Implementation Tasks
1.1 Temporal State Extension
I’m thinking of having a manager much like the species or behavior that takes over the main control of this portion of this aspect of generation.
# In src/tolvera/llm/temporal_manager.py
class TemporalStateManager:
def __init__(self, tv):
self.tv = tv
self.setup_temporal_states()
def setup_temporal_states(self):
# Core temporal state for all particles
self.tv.s.temporal = {
"state": {
"phase": (ti.f32, 0.0, 2*3.14159),
"frequency": (ti.f32, 0.1, 10.0),
"energy": (ti.f32, 0.0, 1.0),
"age": (ti.i32, 0, 10000),
"last_pos": (ti.math.vec2, 0.0, 1.0),
"activity": (ti.f32, 0.0, 1.0),
},
"shape": self.tv.pn,
"osc": ("get", "set", "stream"),
"randomise": True
}
# Global temporal state
self.tv.s.global_time = {
"state": {
"day_phase": (ti.f32, 0.0, 1.0), # 0=night, 0.5=noon, 1=night
"season": (ti.i32, 0, 3), # 0=spring, 1=summer, etc.
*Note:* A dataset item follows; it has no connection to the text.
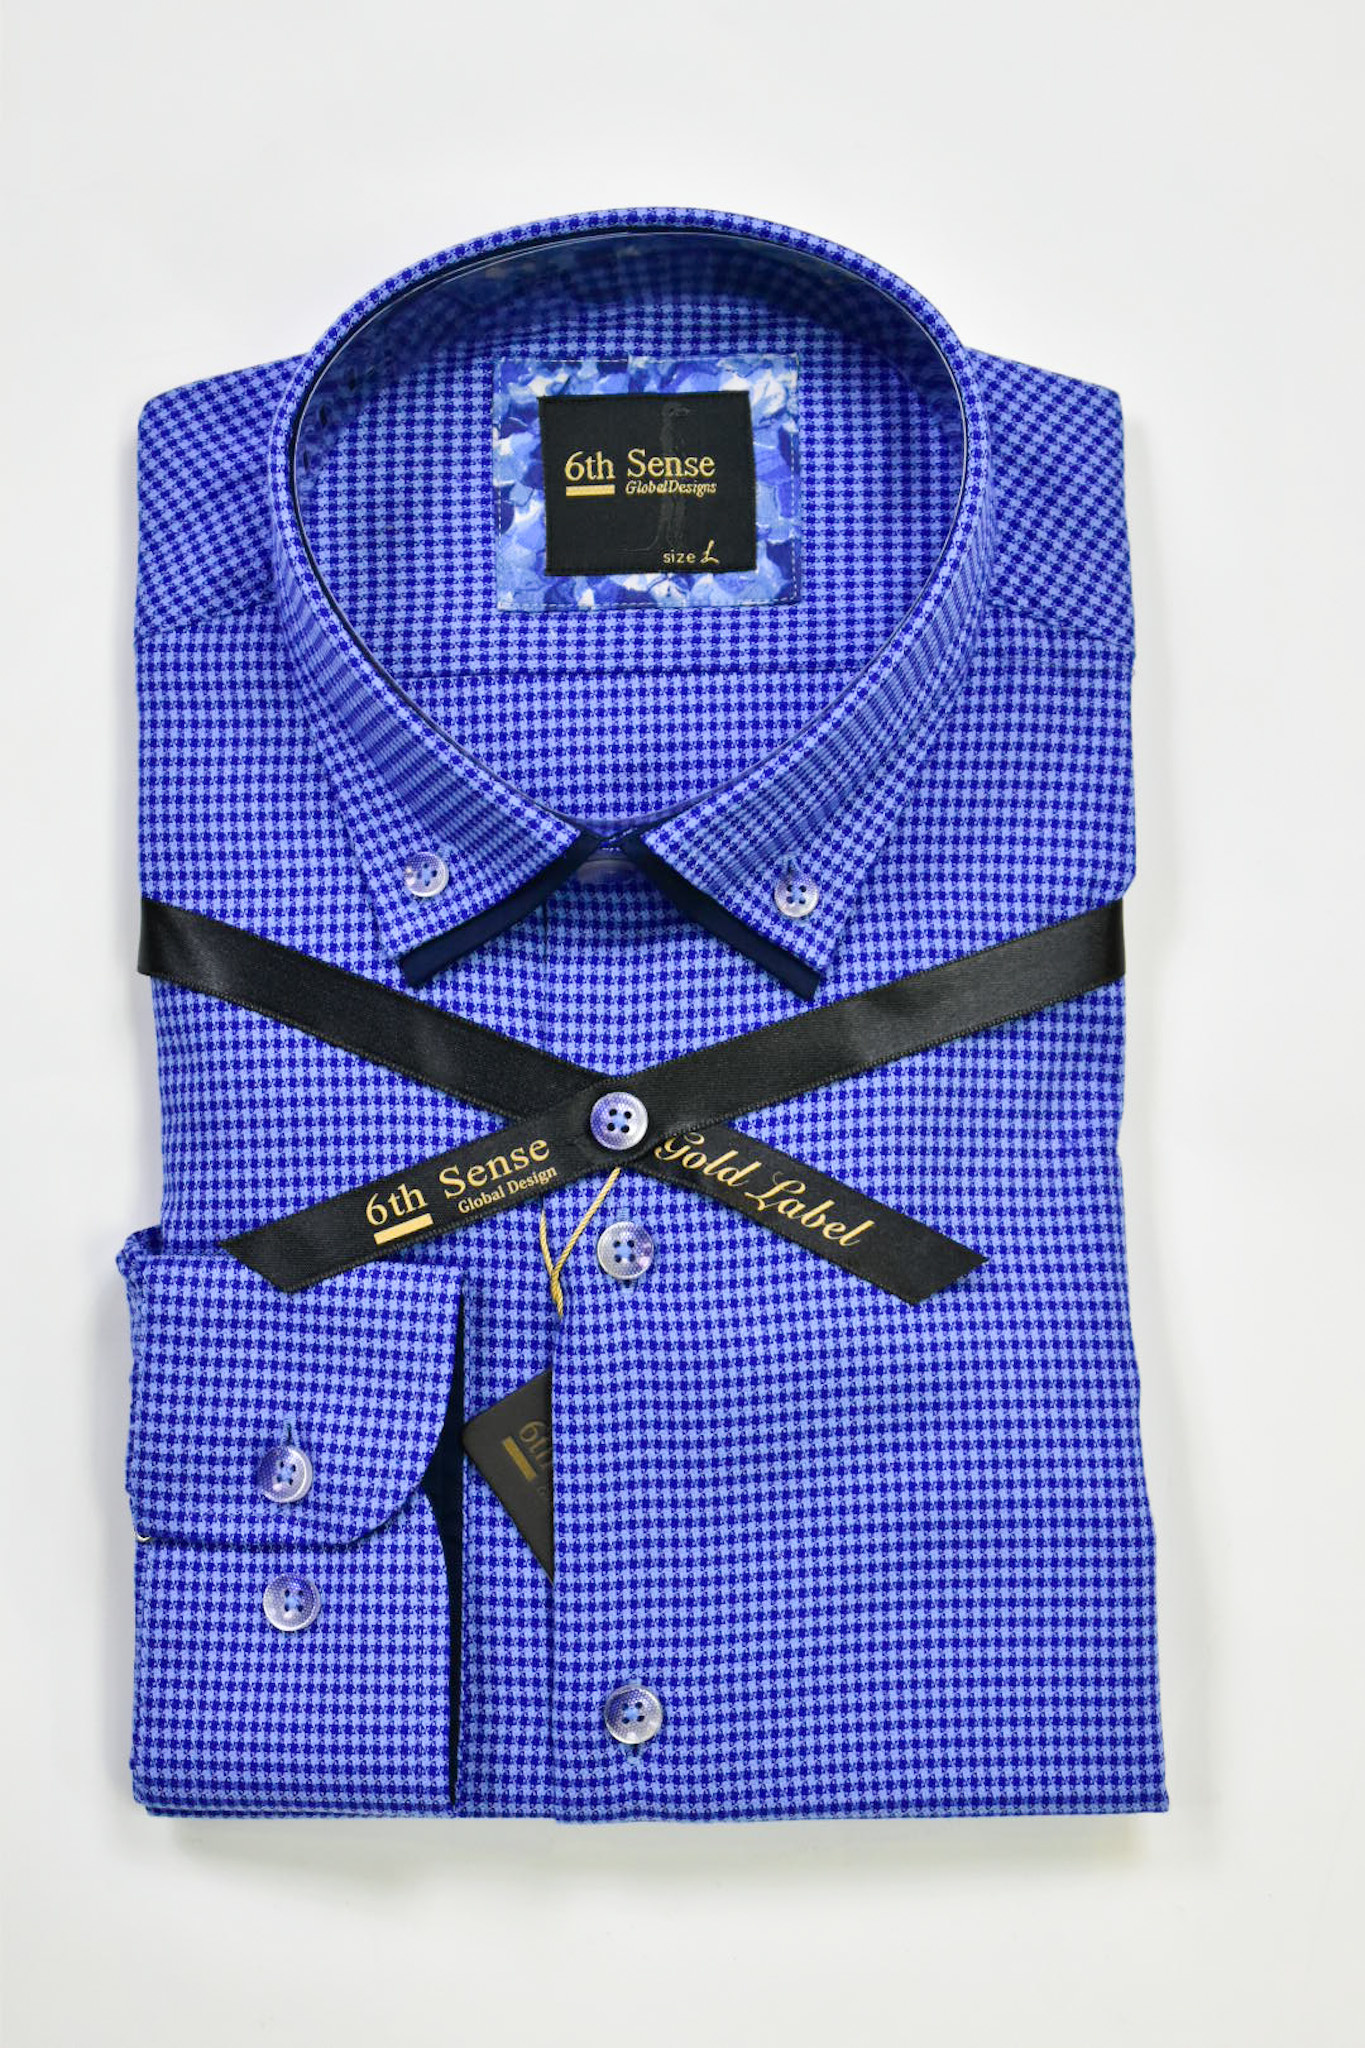 6th sense 201sc3 print shirt
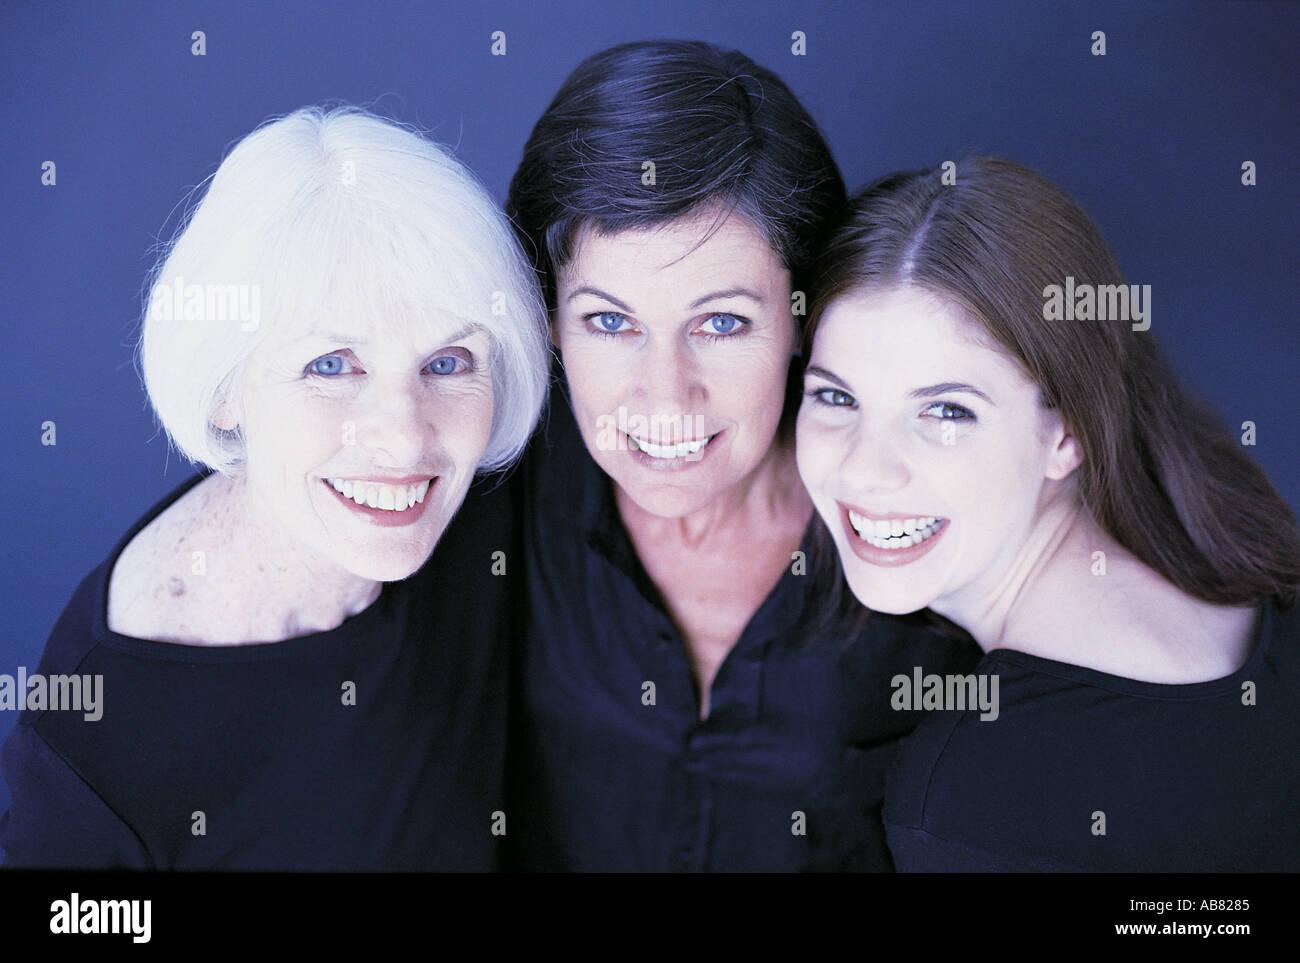 Portrait of three female family members - Stock Image

"global_energy": (ti.f32, 0.0, 1.0), # Total system energy
},
"shape": 1,
"osc": ("get", "stream"),
"randomise": False
}1.2 Temporal Behavior Experts
After this temporal implementation manager, we should be able to have particles follow these types of temporal dynamics.
temporal_behaviors = [
"particles oscillate with individual frequencies (stored in temporal.frequency state)",
"particles with low energy move slower (by multiplying velocity by energy level)",
"particles increase activity during day_phase (0.25 to 0.75 (daytime))",
"particles synchronize phases with nearby particles (strength 0.5)",
"particles lose energy over time (at rate 0.001 per frame)",
"particles remember last position and avoid returning to it"
]1.3 Multi-Timescale Update Kernel
Update different temporal components at appropriate frequencies
Not the actual code, but we could implement something like this:
@ti.kernel
def multi_timescale_update():
frame_count = ti.cast(tv.s.global_time.field[0].age, ti.i32)
# Every frame: age, position memory
for i in range(tv.pn):
tv.s.temporal.field[i].age += 1
tv.s.temporal.field[i].last_pos = tv.p.field[i].pos
# Every 10 frames: energy updates
if frame_count % 10 == 0:
for i in range(tv.pn):
# Energy decay
tv.s.temporal.field[i].energy *= 0.99
# Every 100 frames: phase updates, global time
if frame_count % 100 == 0:
tv.s.global_time.field[0].day_phase = (tv.s.global_time.field[0].day_phase + 0.01) % 1.01.4 Integration with Current System
Modify expert synthesis to access temporal states:
# Update prompt templates to include temporal state access
temporal_prompt_addition = """
You can access temporal states via:
- tv.s.temporal.field[i].phase - oscillation phase
- tv.s.temporal.field[i].energy - current energy level
- tv.s.temporal.field[i].age - particle age
- tv.s.global_time.field[0].day_phase - global day/night cycle
# More here if we need this...
"""Week 1 Deliverables
- Working temporal state system with proper Taichi integration
- Multi-timescale update mechanism
- Integration with existing current synthesis pipeline
- Example: Day/night cycle affecting particle behavior
Week 2 (July 21-27): Cognitive Capacities Implementation
Goal
Implement cognitive capacities (orienting response, sensing, memory, learning, etc.)
Implementation Tasks
2.1 Cognitive State System
# In src/tolvera/llm/cognitive_manager.py ???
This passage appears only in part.